As the distribution of mycotoxins is generally non-homogeneous, samples shall be prepared, and especially homogenised, with extreme care.
The complete sample as received by the laboratory shall be homogenized, in case the homogenisation is performed by the laboratory.
For the analysis of aflatoxins, daylight should be excluded as much as possible during the procedure, since aflatoxin gradually breaks down under the influence of ultra-violet light.
The limits fixed for aflatoxins in Regulation (EC) No 466/2001 apply to the edible part. The level of aflatoxins in the edible part can be determined by:
samples of nuts ‘in shell’ can be shelled and the level of aflatoxins is determined in the edible part.

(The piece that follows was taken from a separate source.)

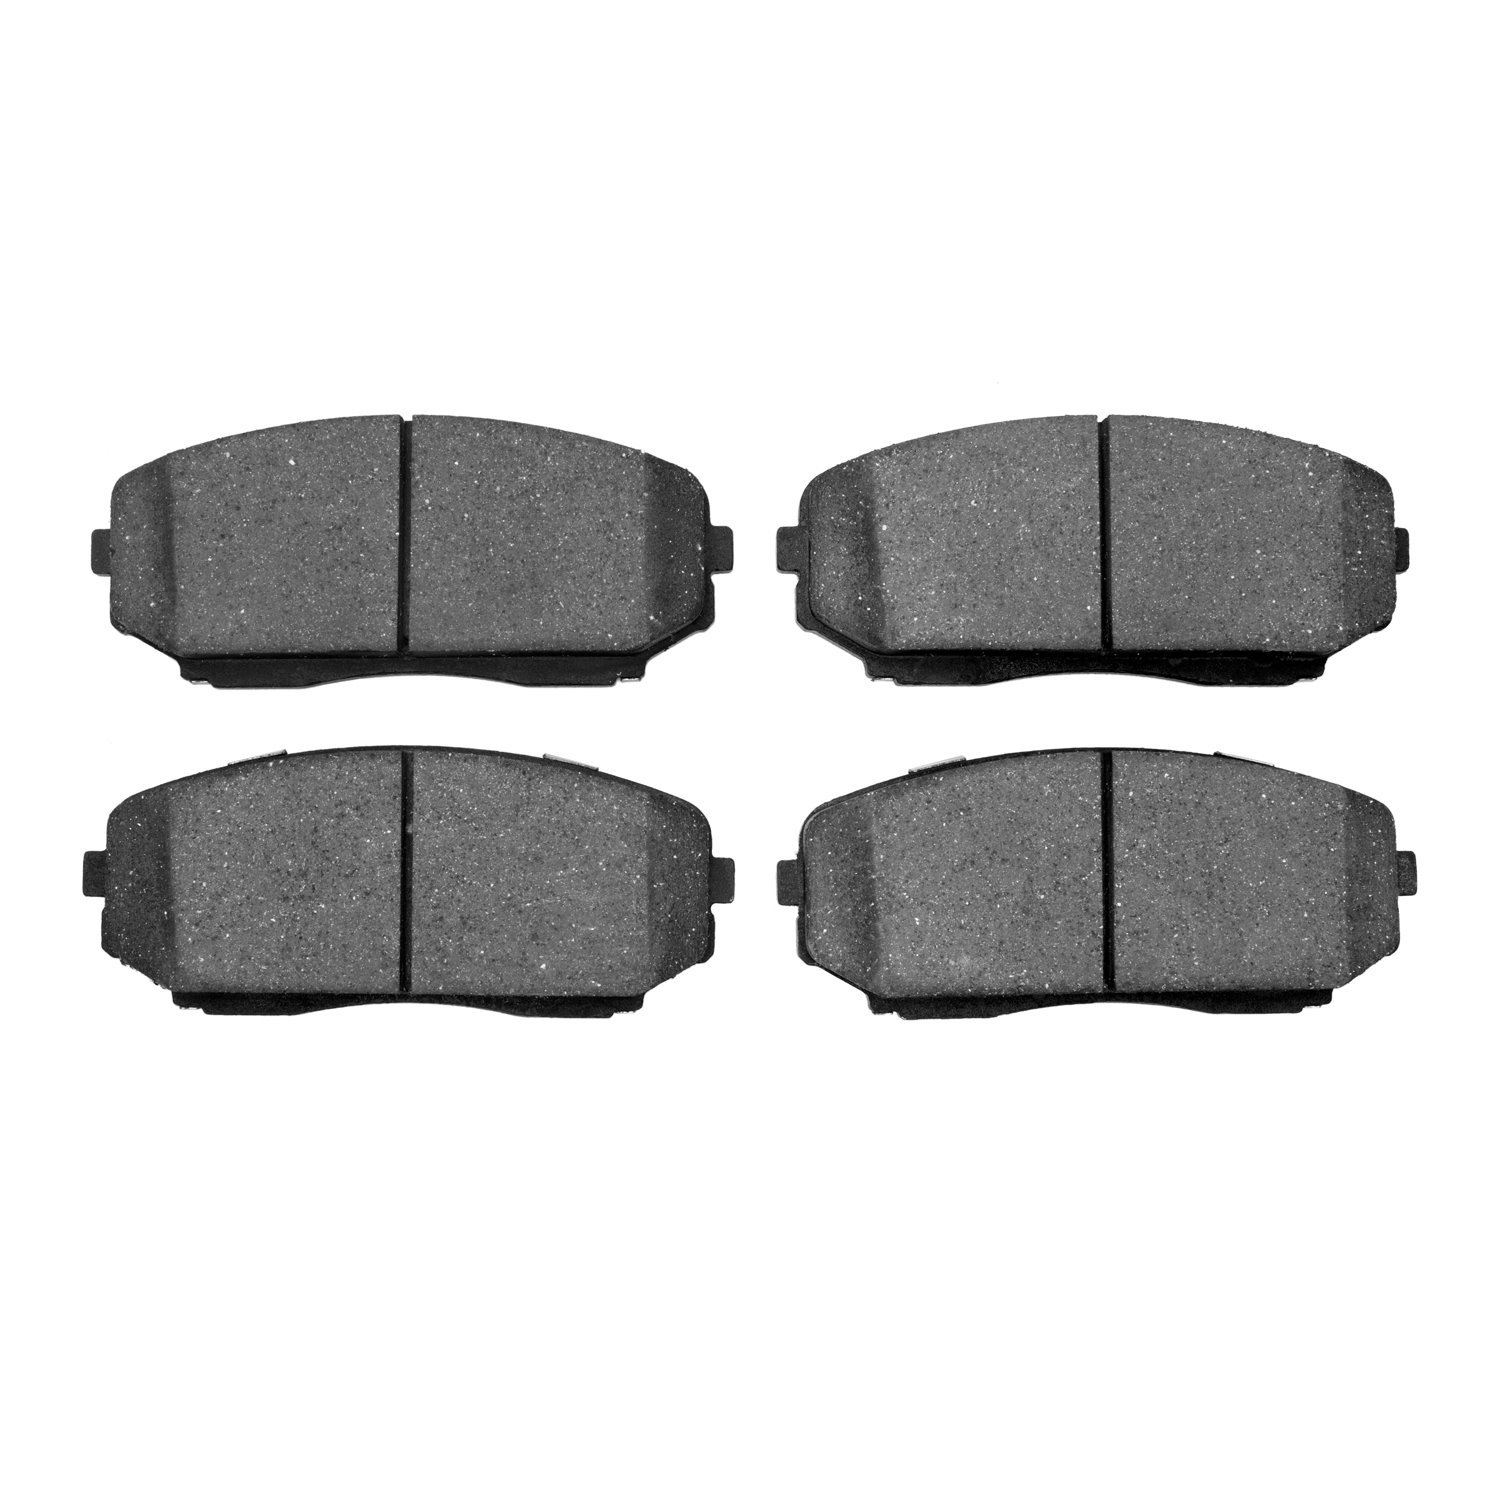 1552-1258-00 5000 Advanced Ceramic Brake Pads, Fits Select Ford/Lincoln/Mercury/Mazda, Position: Front

the nuts ‘in shell’ can be taken through the sample preparation procedure. The method of sampling and analysis shall estimate the weight of nut kernel in the aggregate sample. The weight of nut kernel in the aggregate sample shall be estimated after establishing a suitable factor for the proportion of nut shell to nut kernel in whole nuts. This proportion is used to ascertain the amount of kernel in the bulk sample taken through the sample preparation and method of analysis.
Approximately 100 whole nuts shall be taken at random separately from the lot or shall be put aside from each aggregate sample. The ratio may, for each laboratory sample, be obtained by weighing the whole nuts, shelling and re-weighing the shell and kernel portions.
However, the proportion of shell to kernel may be established by the laboratory from a number of samples and so can be assumed for future analytical work. But if a particular laboratory sample is found to be in contravention of any limit, the proportion shall be determined for that sample using the approximately 100 nuts that have been set aside.